The Celtics and Pacers' approach to a season marred by injury - ESPN
THERE ARE THREE new banners hanging above the main court inside the Indiana Paces training facility, across the street from the team's arena, Gainbridge Fieldhouse. On one end there are retired jersey numbers, Reggie Miller's 31 and Mel Daniels' 34, and a banner each for Herb Simon, the team's governor since 1983 who was inducted into the Hall of Fame last year, as well as Jim Morris, a pivotal member of the Indianapolis community who held leadership roles in the organization up until his passing in 2024.
On the other end, a new banner for the 2024-25 Eastern Conference championship quietly hangs.
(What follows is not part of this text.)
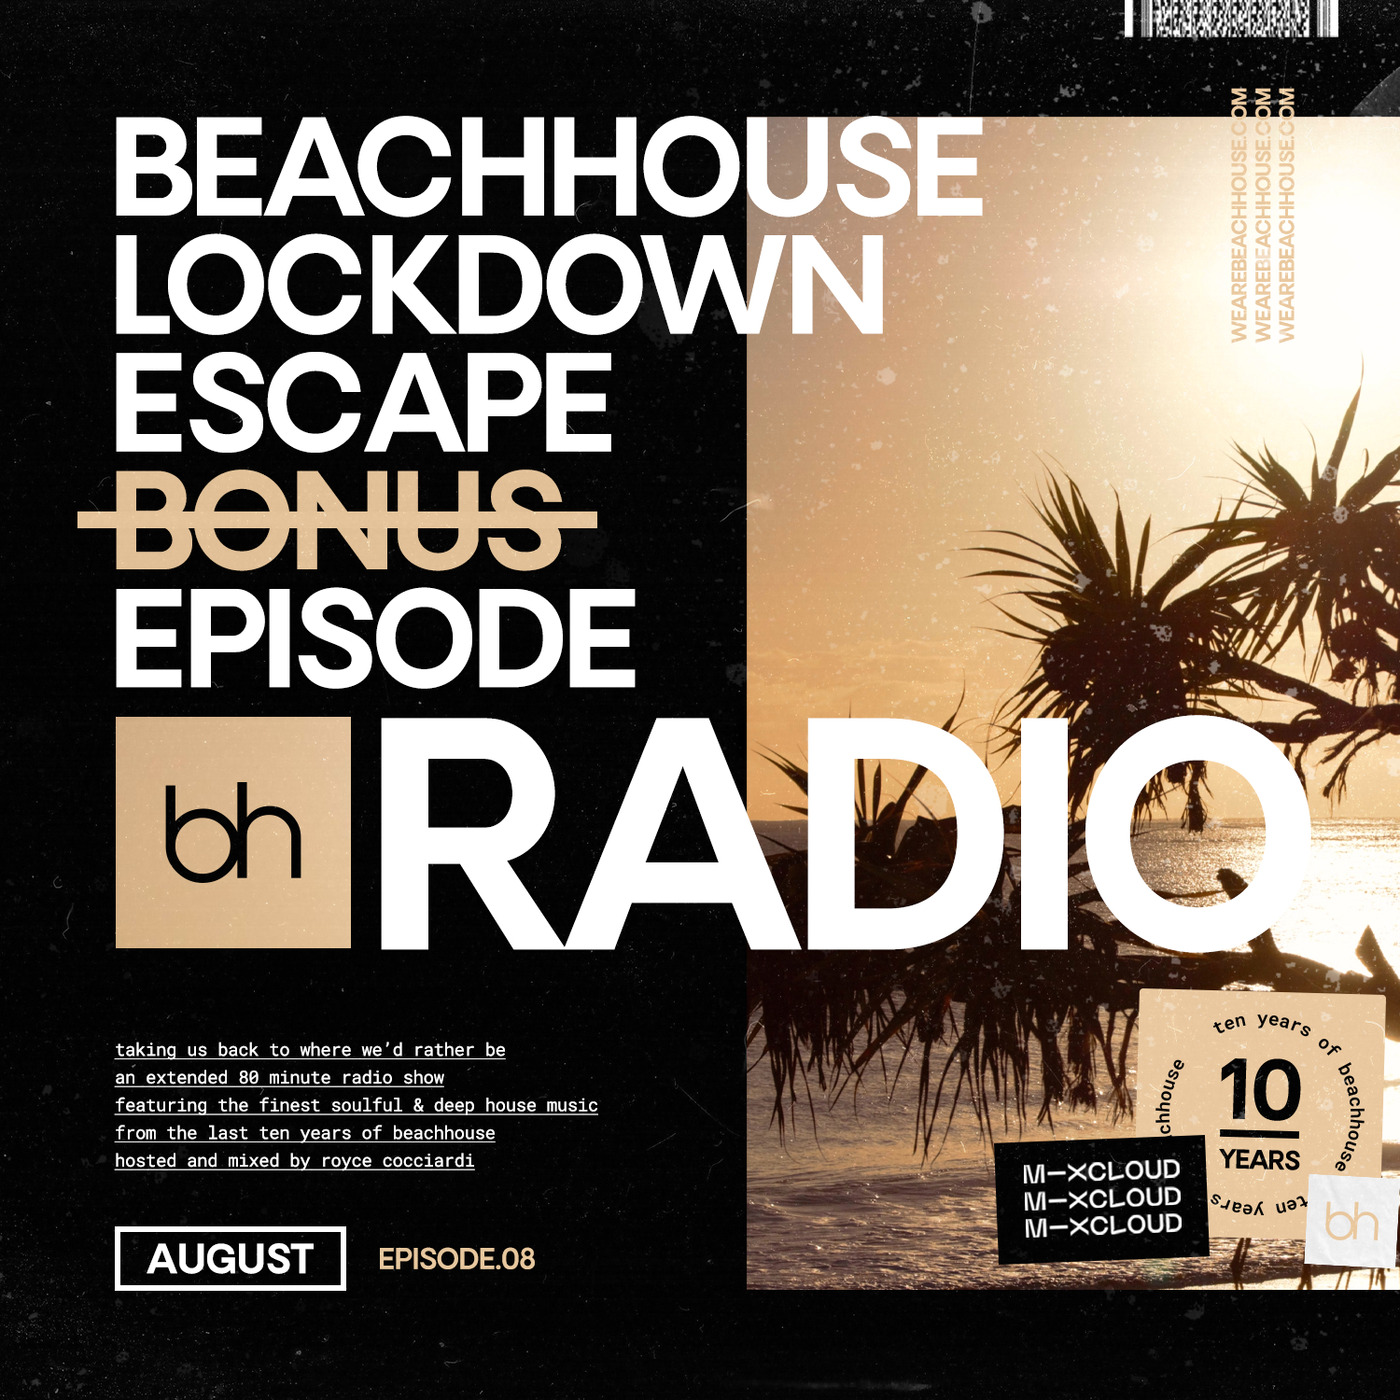 Beachhouse RADIO - August 2020 - Lockdown Escape - Episode 08

It went up last week — a few days after the team had already begun training camp — without a collective acknowledgement from the players and coaches as they prepare for the upcoming season.
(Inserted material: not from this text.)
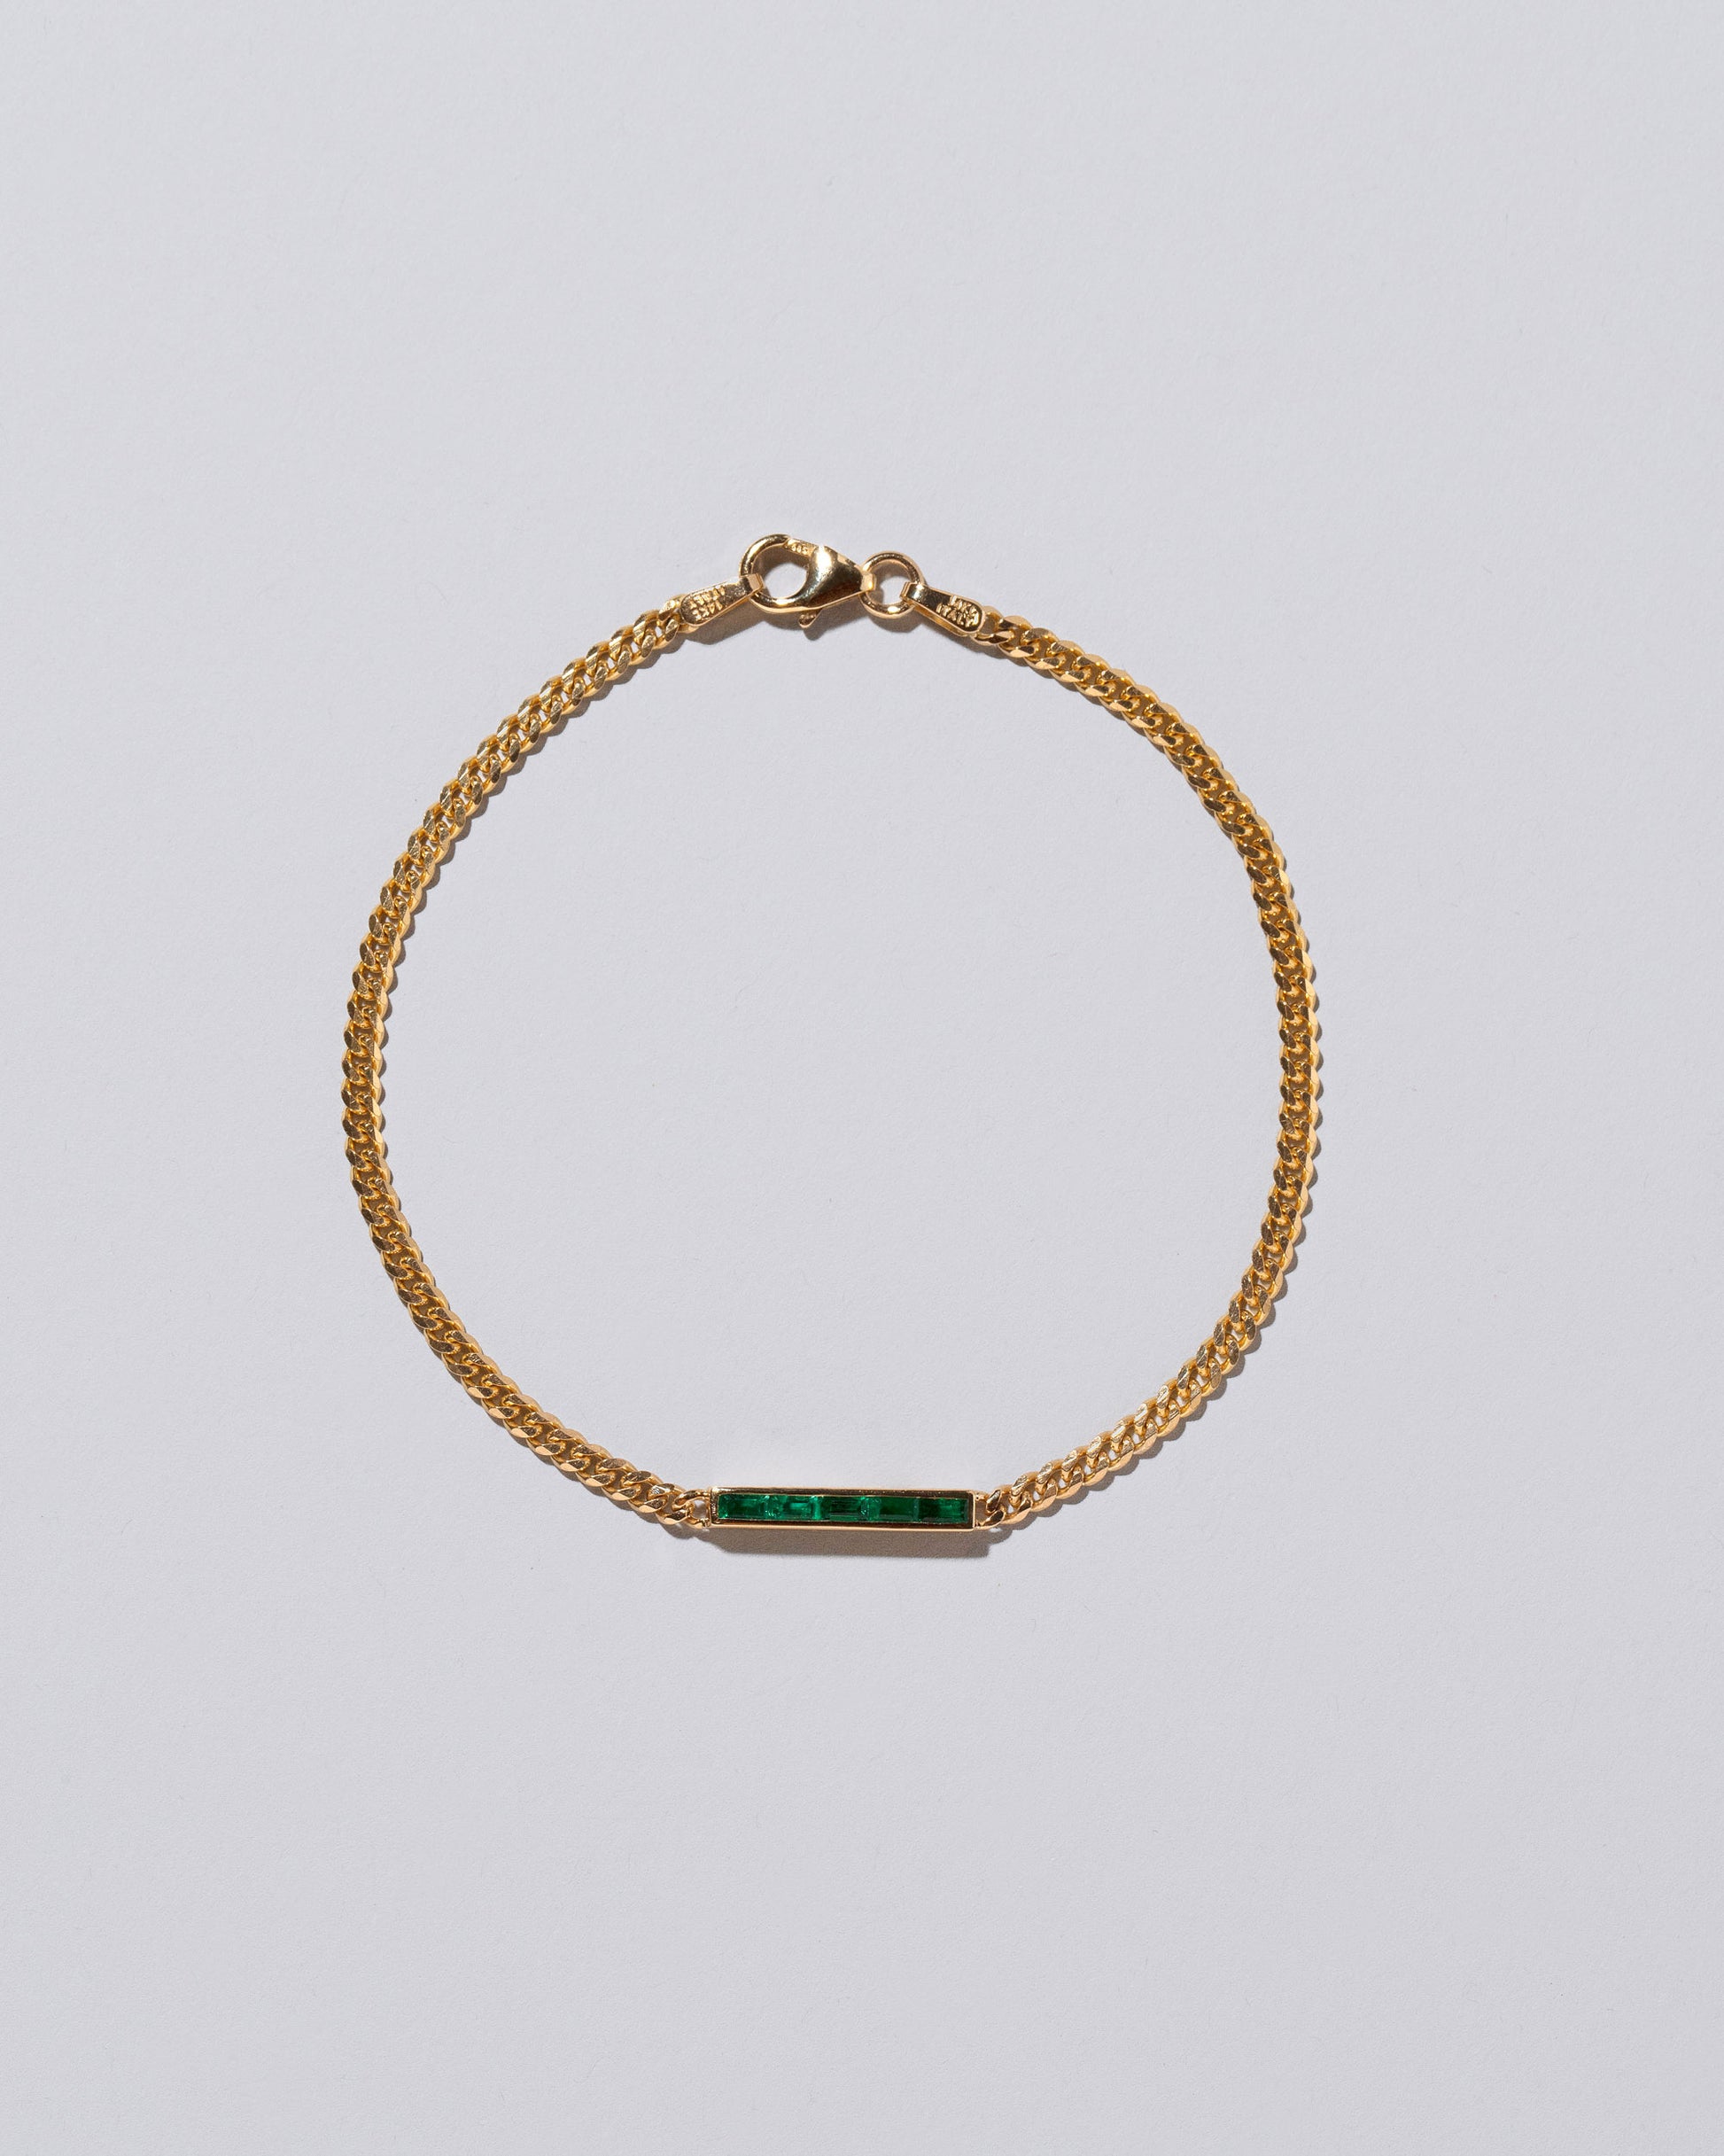 Emerald 2.4mm Identity Chain Bracelet on light color background.

«It was not here one day, up here the next,» Pacers forward Aaron Nesmith told ESPN.
The Pacers do plan to commemorate the banner at the arena before their regular season opener against the Oklahoma City Thunder on Oct. 23, but Pacers coach Rick Carlisle said there's no plans to dwell on it for long.
«There's not going to be a big thing about it,» Carlisle told ESPN after practice last week. «It was a great run and really a lot of amazing things happened during that stretch. But you got to turn the page.»
Such was the vibe at Pacers training camp, a team still fresh off the glow of one of the most improbable playoff runs to the Finals in NBA history, while also wrestling with the disappointment of coming up short in Game 7 and the consequences of a season-changing injury to Tyrese Haliburton in the first quarter of that game.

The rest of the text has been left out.